→ **What the task requires**: All of the data below should be set down again verbatim, without any images.

(Dataset content)

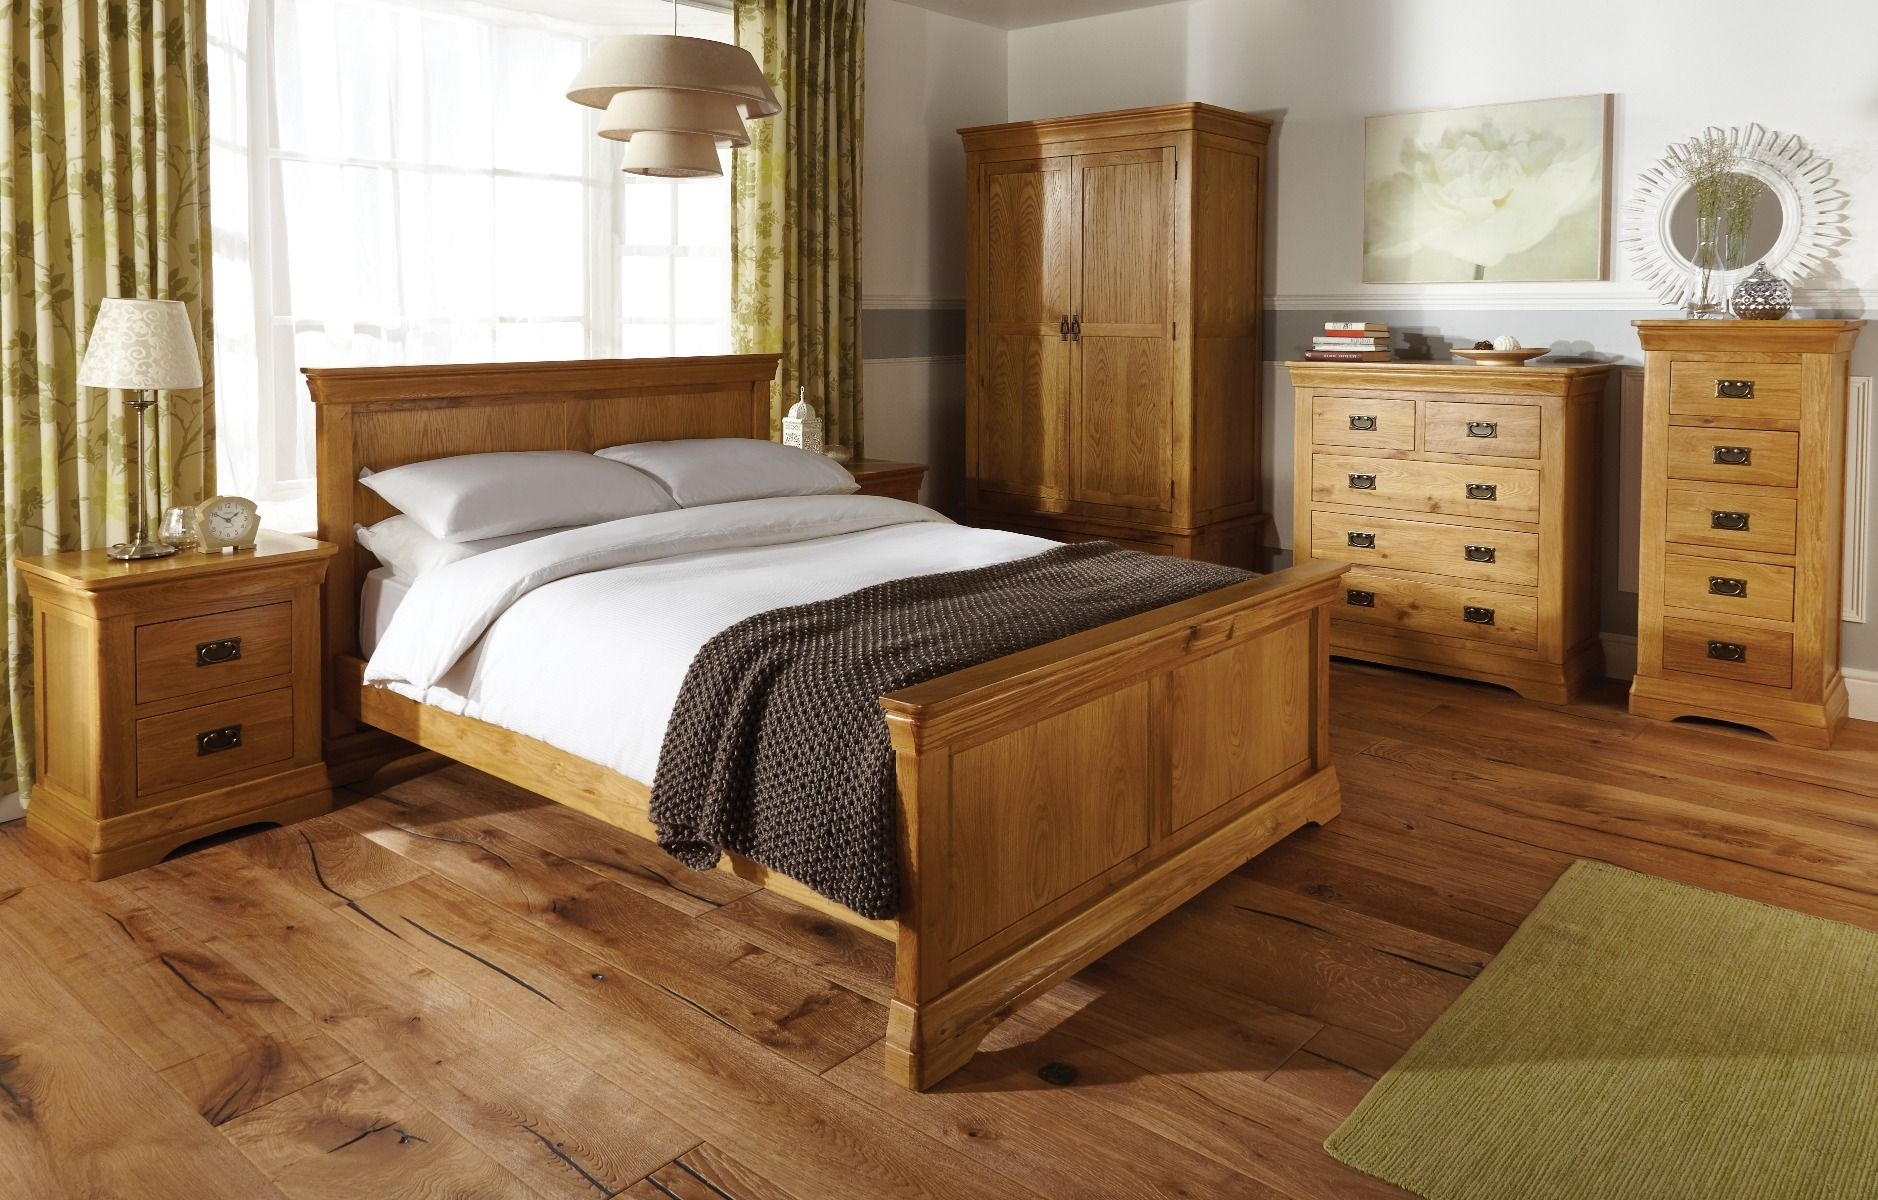 Farmhouse Country Oak Double Bed 4ft 6 Inches intended for proportions 1878 X 1200
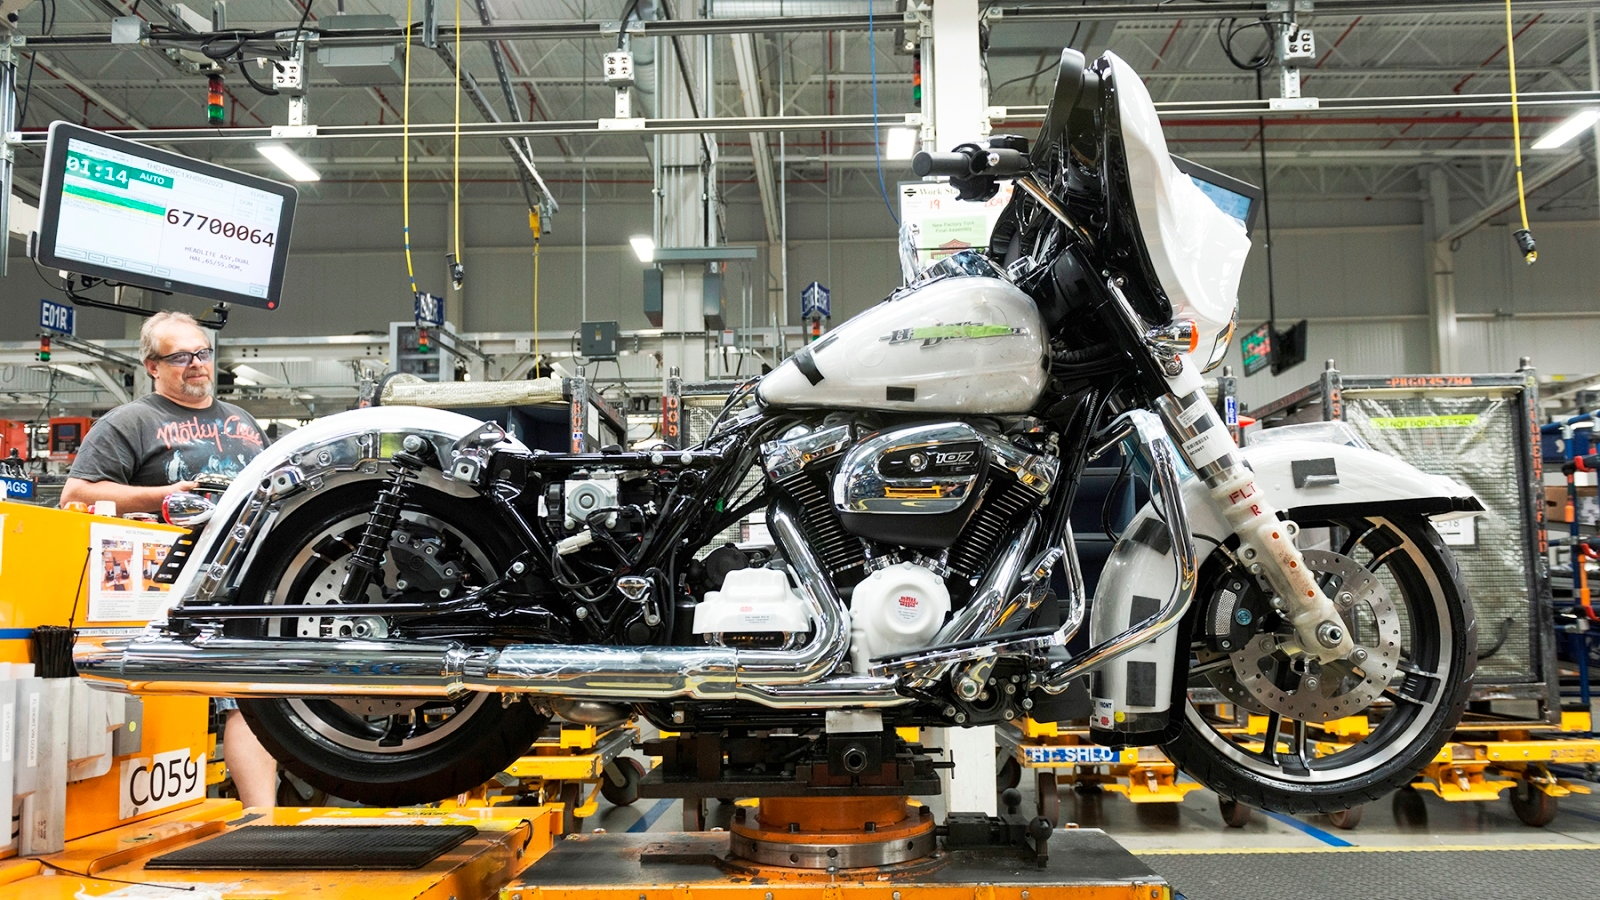 Harley Davidson S York Pa Plant As An Example To The World Photos Hdforums
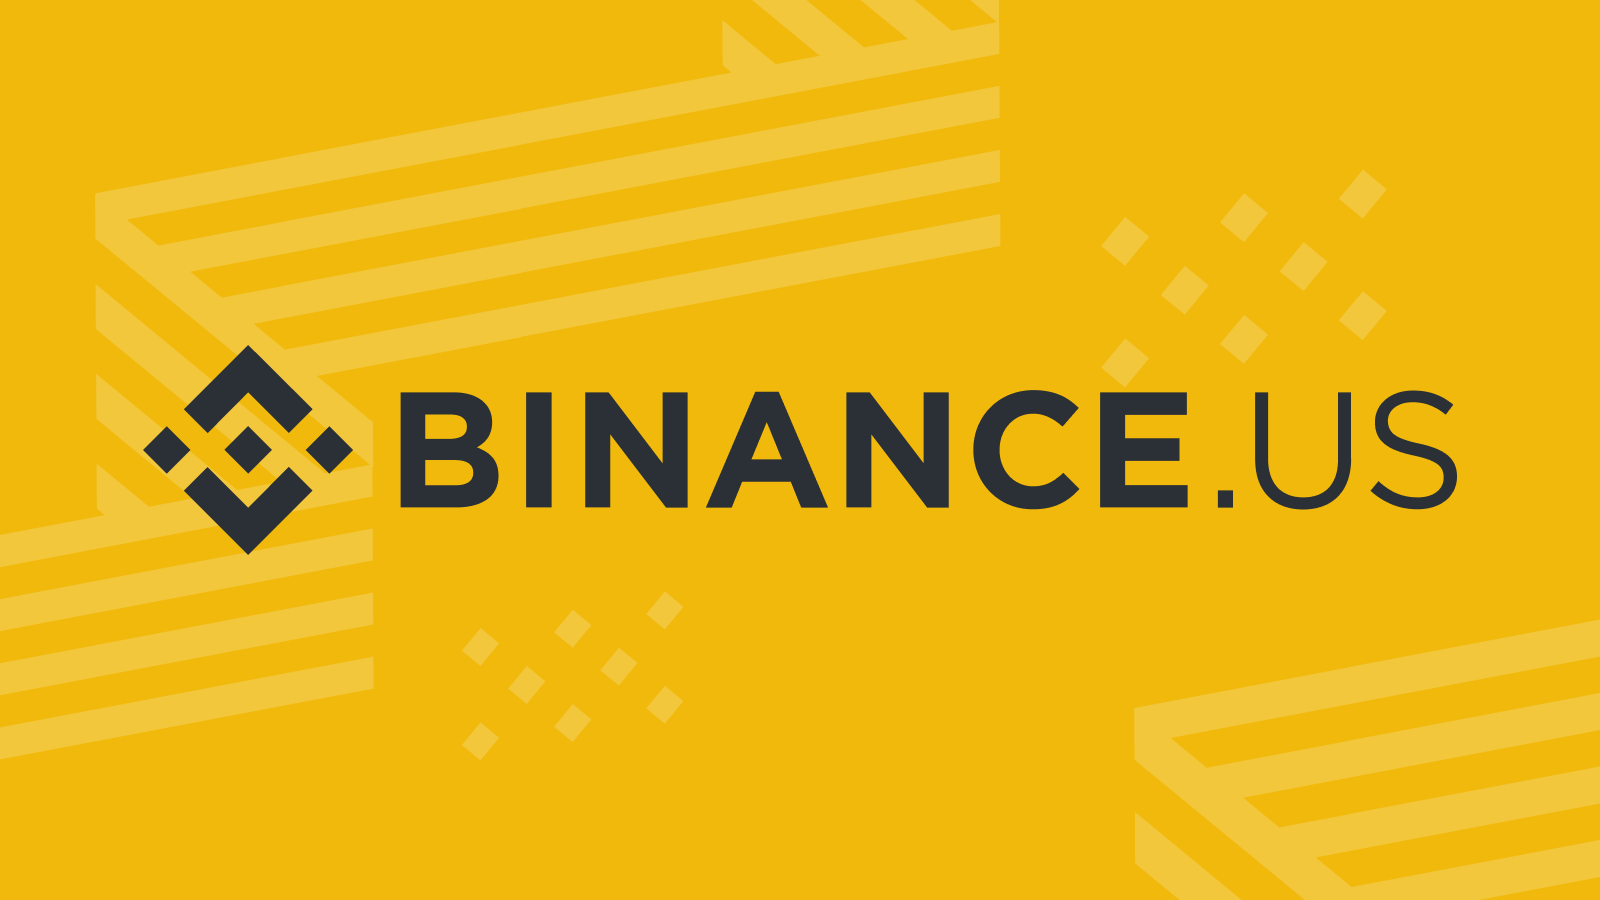 Voyager Announces Agreement for Binance.US to Acquire Its Assets
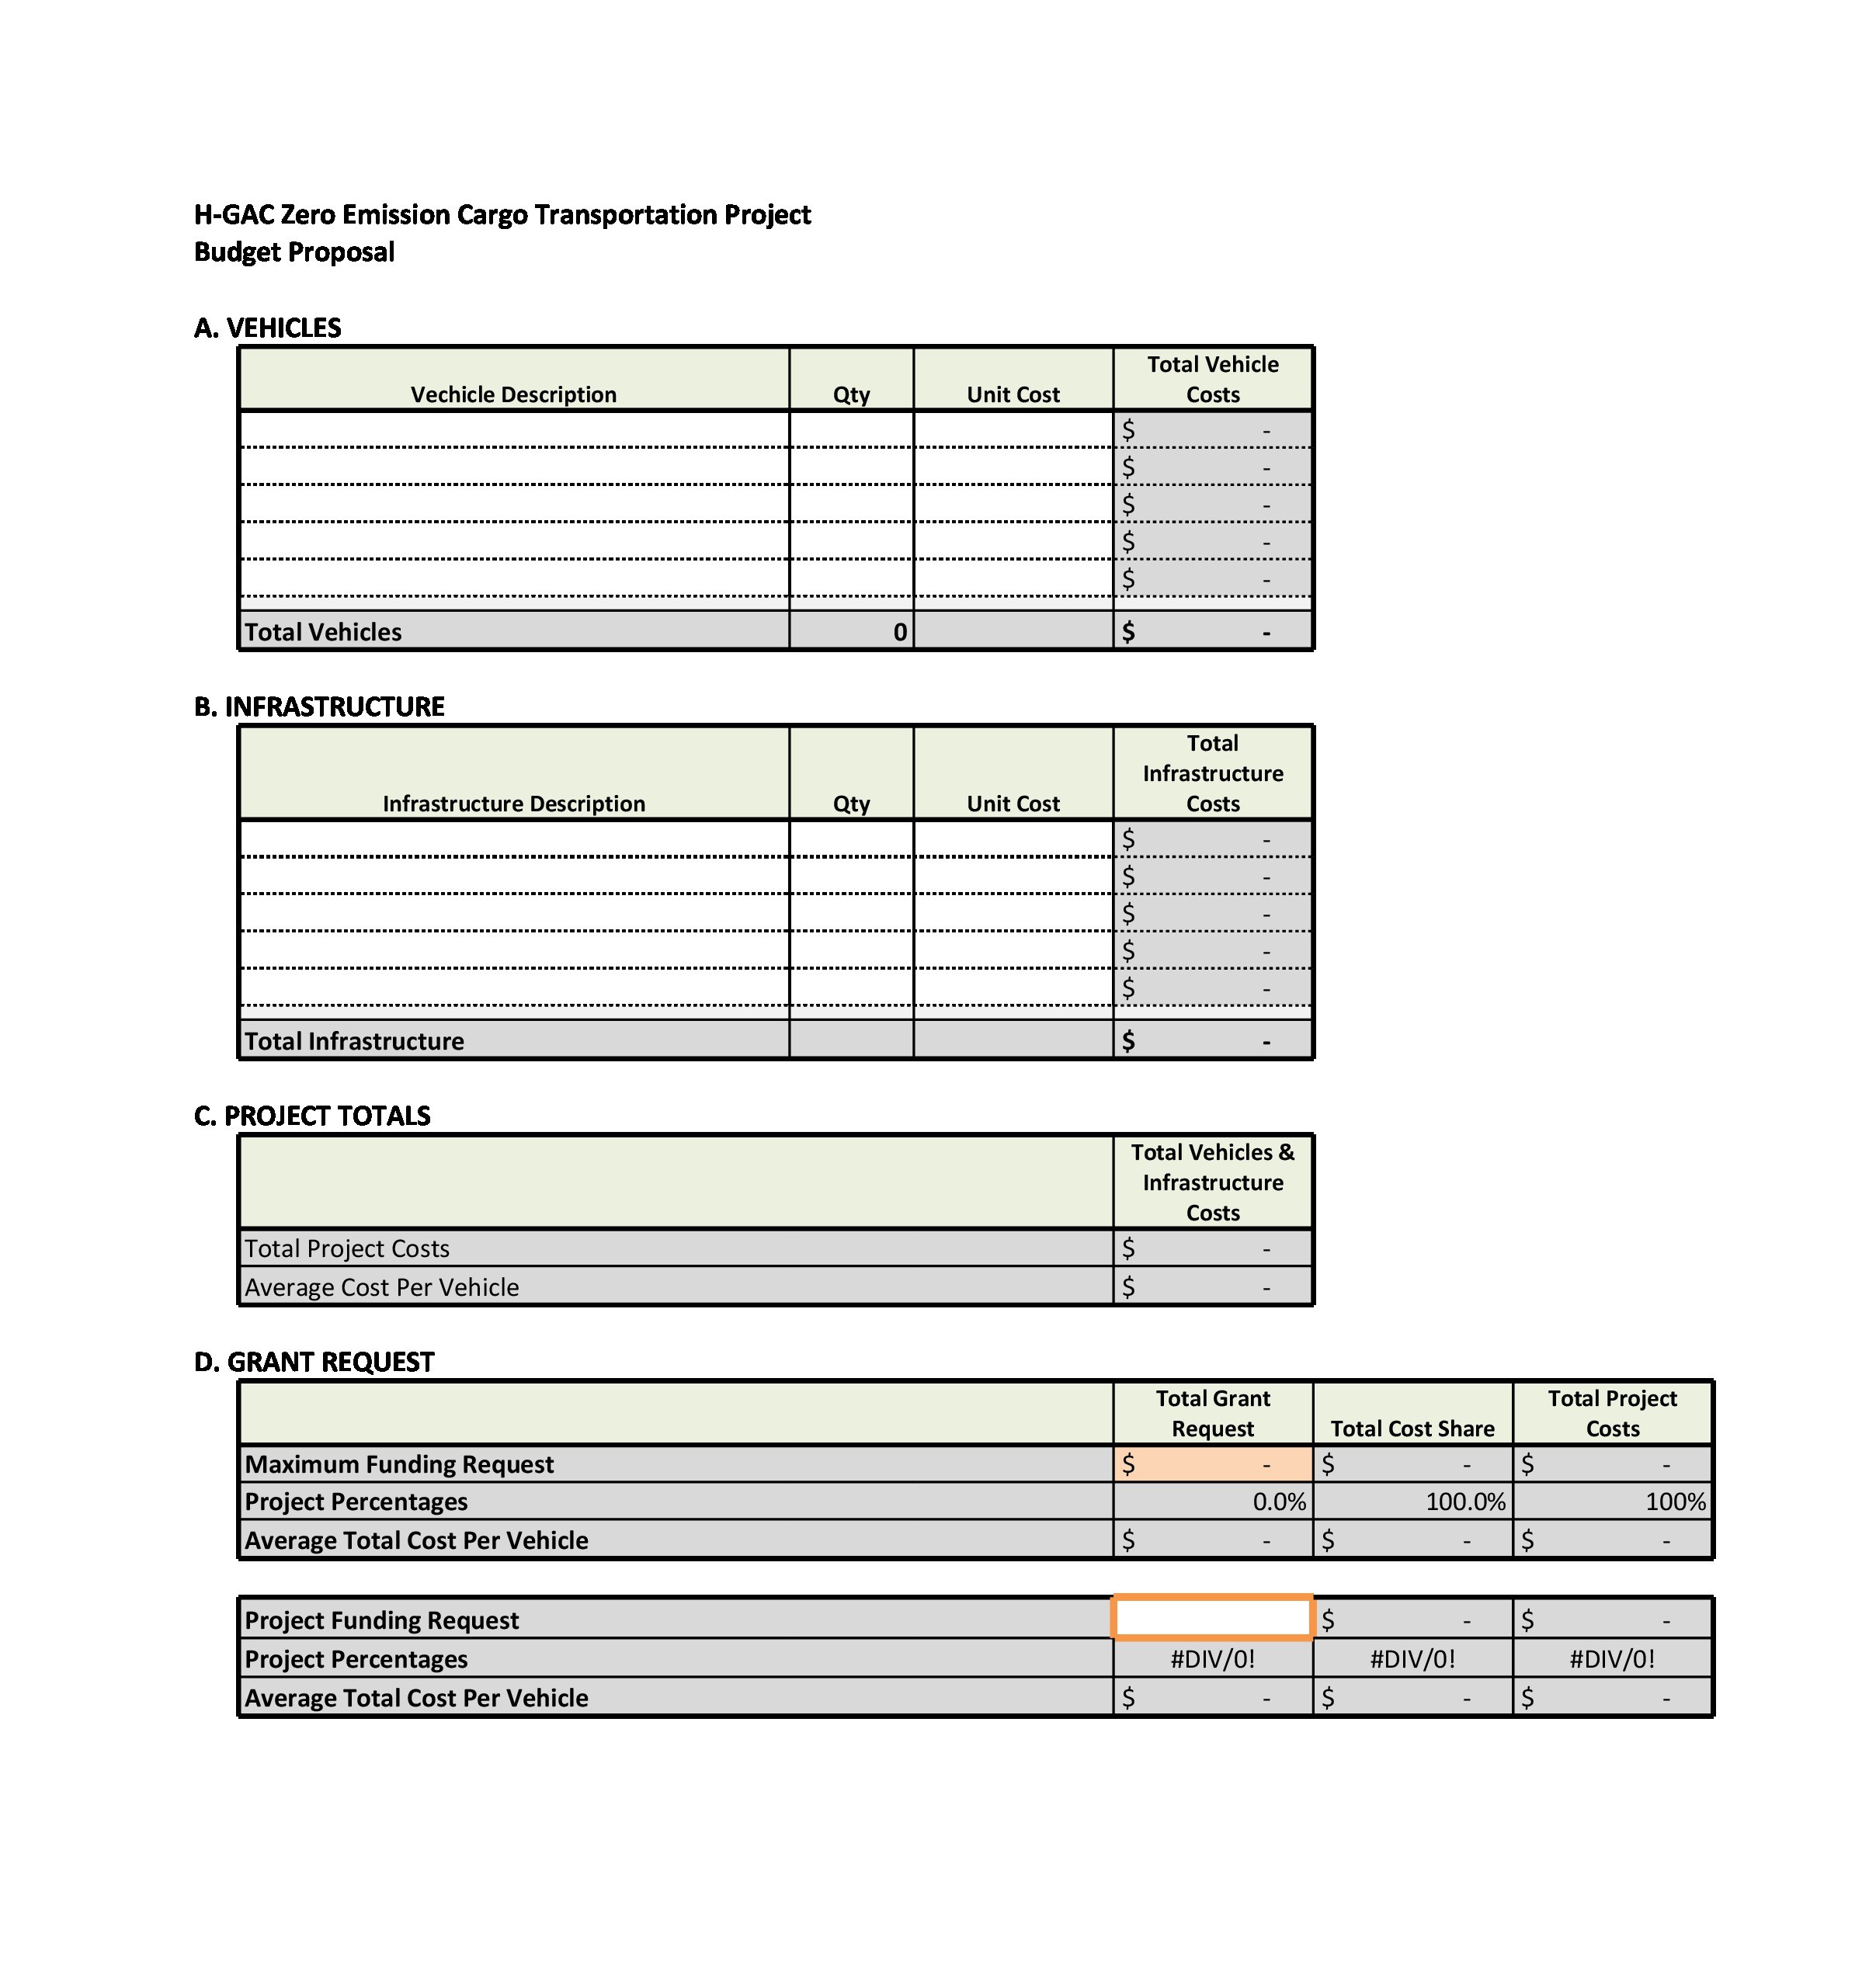 Project Proposal Budget Template

(End Dataset content)

→ **Written solution**:
 Farmhouse Country Oak Double Bed 4ft 6 Inches intended for proportions 1878 X 1200
 Harley Davidson S York Pa Plant As An Example To The World Photos Hdforums
 Voyager Announces Agreement for Binance.US to Acquire Its Assets
 Project Proposal Budget Template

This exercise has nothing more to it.